Structured, Semistructured, and Unstructured Data
The information stored in databases is known as structured data because it is represented in a strict format. For
example, each record in a relational database table— such as each of the tables
in the COMPANY database in Figure 3.6—follows the same format as the other records in
that table. For structured data, it is common to care-fully design the database
schema using techniques such as those described in Chapters 7 and 8 in order to
define the database structure. The DBMS then checks to ensure that all data
follows the structures and constraints specified in the schema.

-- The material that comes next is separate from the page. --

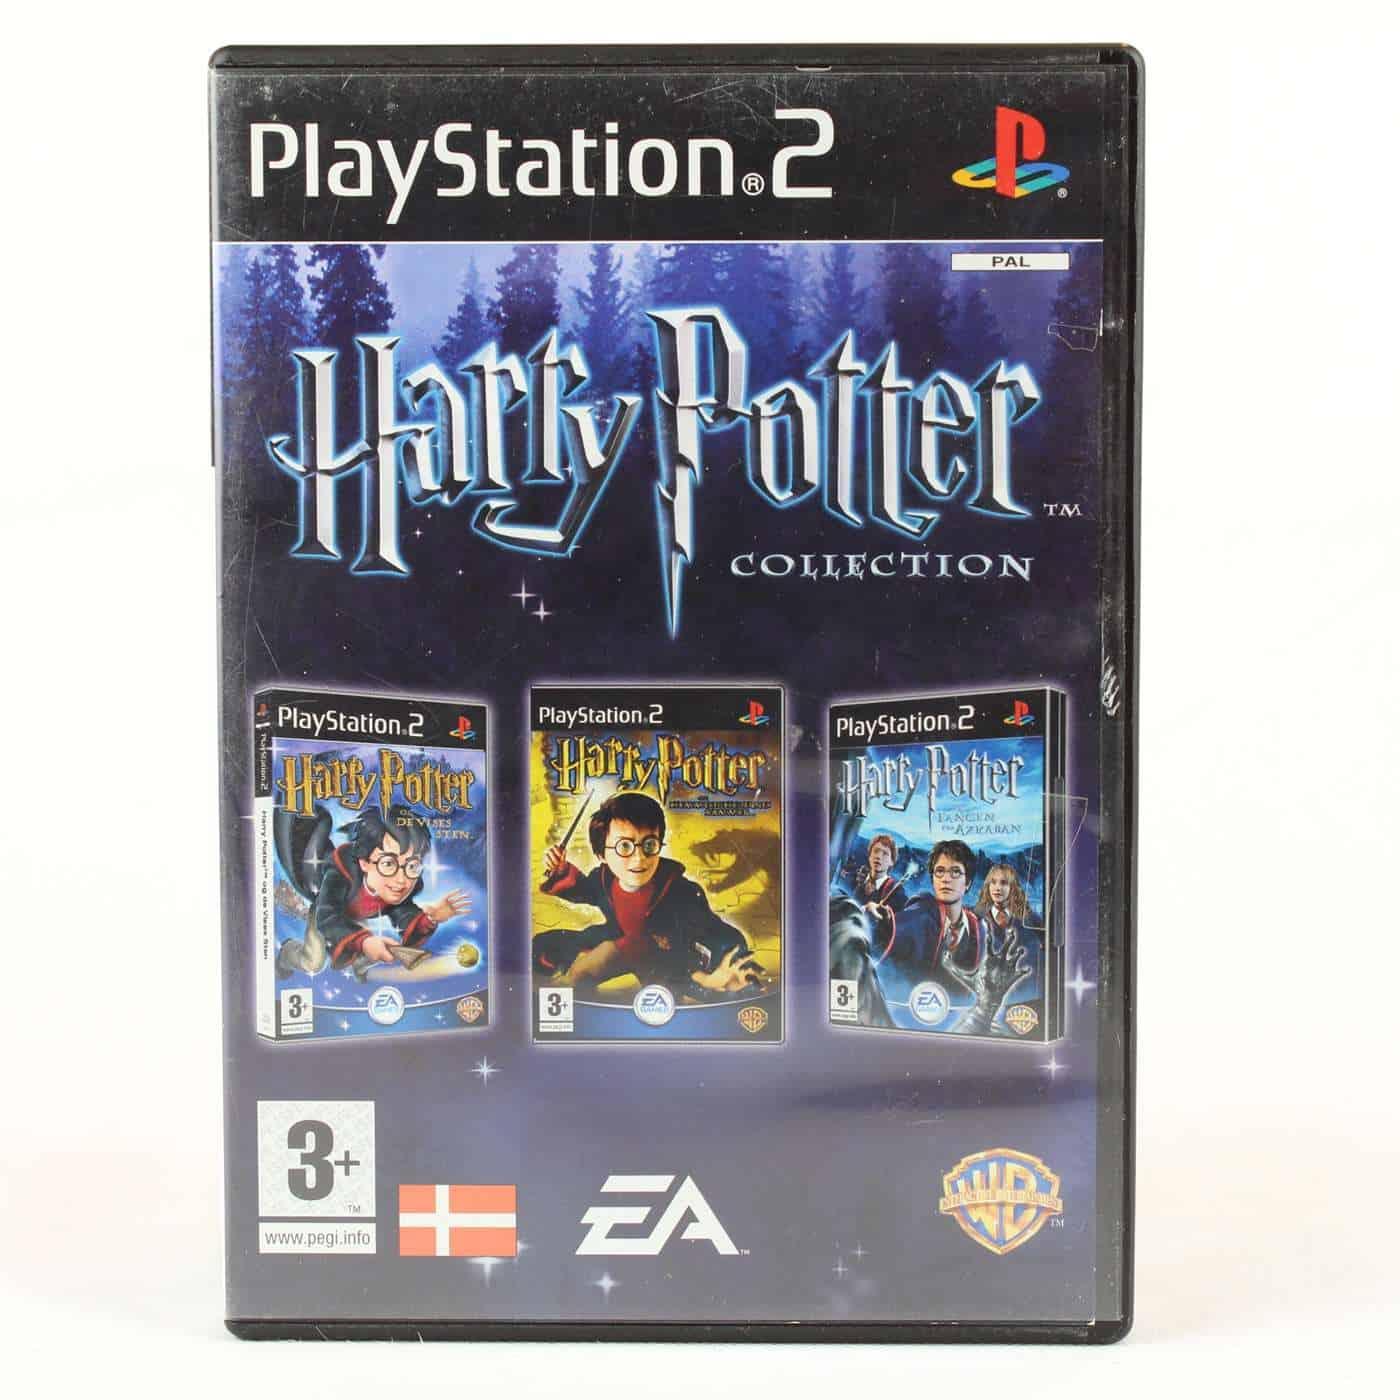 Harry Potter Collection (Playstation 2 - Dansk)

However, not all data is collected and inserted into carefully designed
structured databases. In some applications, data is collected in an ad hoc
manner before it is known how it will be stored and managed. This data may have
a certain structure, but not all the information collected will have the
identical structure. Some attrib-utes may be shared among the various entities,
but other attributes may exist only in a few entities. Moreover, additional
attributes can be introduced in some of the newer data items at any time, and
there is no predefined schema. This type of data is known as semistructured data. A number of data
models have been introduced for representing semistructured data, often based
on using tree or graph data structures rather than the flat relational model
structures.
A key difference between structured and semistructured data concerns how
the schema constructs (such as the names of attributes, relationships, and entity
types) are handled. In semistructured data, the schema information is mixed in with the data values, since
each data object can have different attributes that are not known in advance.

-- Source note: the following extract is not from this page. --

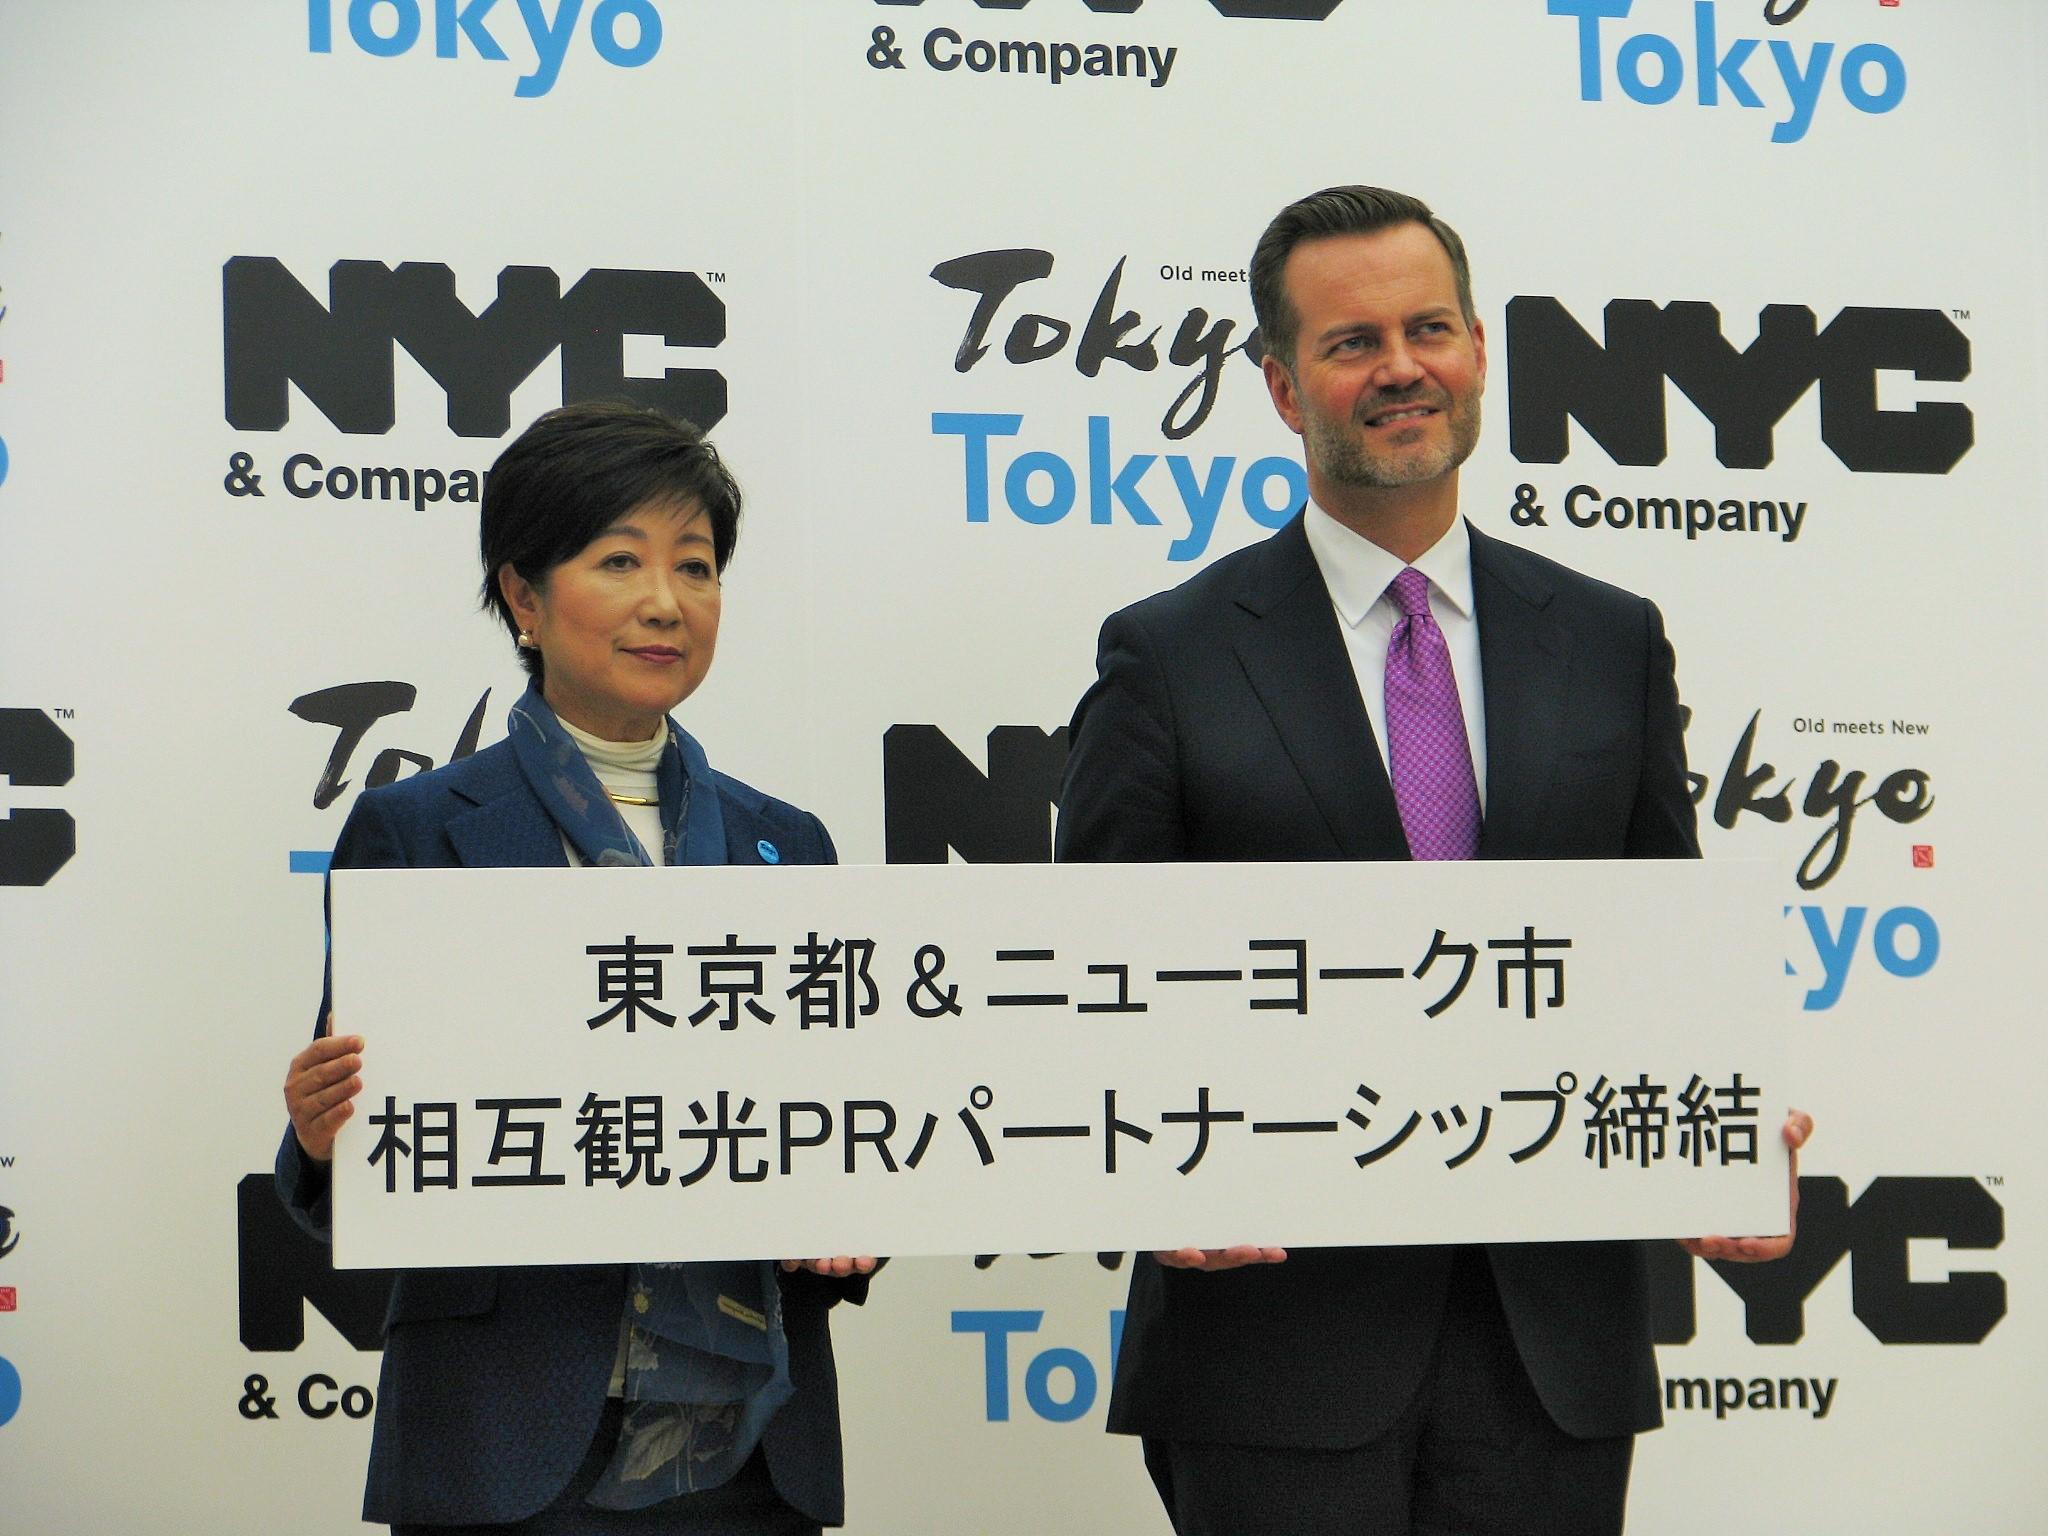 東京都と米ニューヨーク観光局がパートナーシップ締結、観光客の相互拡大へ、東京タワーの特別ライトアップや広告キャンペーンなど

Hence, this type of data is sometimes referred to as self-describing data. Consider the following example. We want to
collect a list of bibliographic references related to a certain research
project. Some of these may be books or technical reports, others may be
research articles in journals or conference proceedings, and still others may
refer to complete journal issues or conference proceedings. Clearly, each of
these may have different attributes and different types of information. Even
for the same type of reference—say, conference articles—we may have different
information. For example, one article citation may be quite complete, with full
information about author names, title, proceedings, page numbers, and so on,
whereas another citation may not have all the information available. New types
of bibliographic sources may appear in the future—for instance, references to
Web pages or to conference tutori-als—and these may have new attributes that
describe them.
Semistructured data may be displayed as a directed graph, as shown in
Figure 12.1. The information shown in Figure 12.1 corresponds to some of the
structured data shown in Figure 3.6. As we can see, this model somewhat
resembles the object model (see Section 11.1.3) in its ability to represent
complex objects and nested structures. In Figure 12.1, the labels or tags on the
directed edges represent the schema names: the names of attributes, object types (or entity types or classes),
and relationships. The internal nodes
represent individual objects or composite attrib-utes. The leaf nodes represent
actual data values of simple (atomic) attributes.
There are two main differences between the semistructured model and the
object model that we discussed in Chapter 11:
The schema information—names of
attributes, relationships, and classes (object types) in the semistructured
model is intermixed with the objects and their data values in the same data
structure.
In the semistructured model,
there is no requirement for a predefined schema to which the data objects must
conform, although it is possible to define a schema if necessary.
In addition to structured and semistructured data, a third category
exists, known as unstructured data because
there is very limited indication of the type of data. A typical example is a text document that contains information
embedded within it. Web pages in HTML that contain some data are considered to
be unstructured data. Consider part of an HTML file, shown in Figure 12.2. Text
that appears between angled brackets, <...>, is an HTML tag. A tag with a slash, </...>, indicates an end tag, which represents the ending of the effect of a matching start tag. The tags mark
Figure 12.2
Part of an HTML document
representing unstructured data.
<HTML>
<HEAD>
...
</HEAD>
<BODY>
<H1>List of company
projects and the employees in each project</H1> <H2>The ProductX
project:</H2>
<TABLE width=“100%”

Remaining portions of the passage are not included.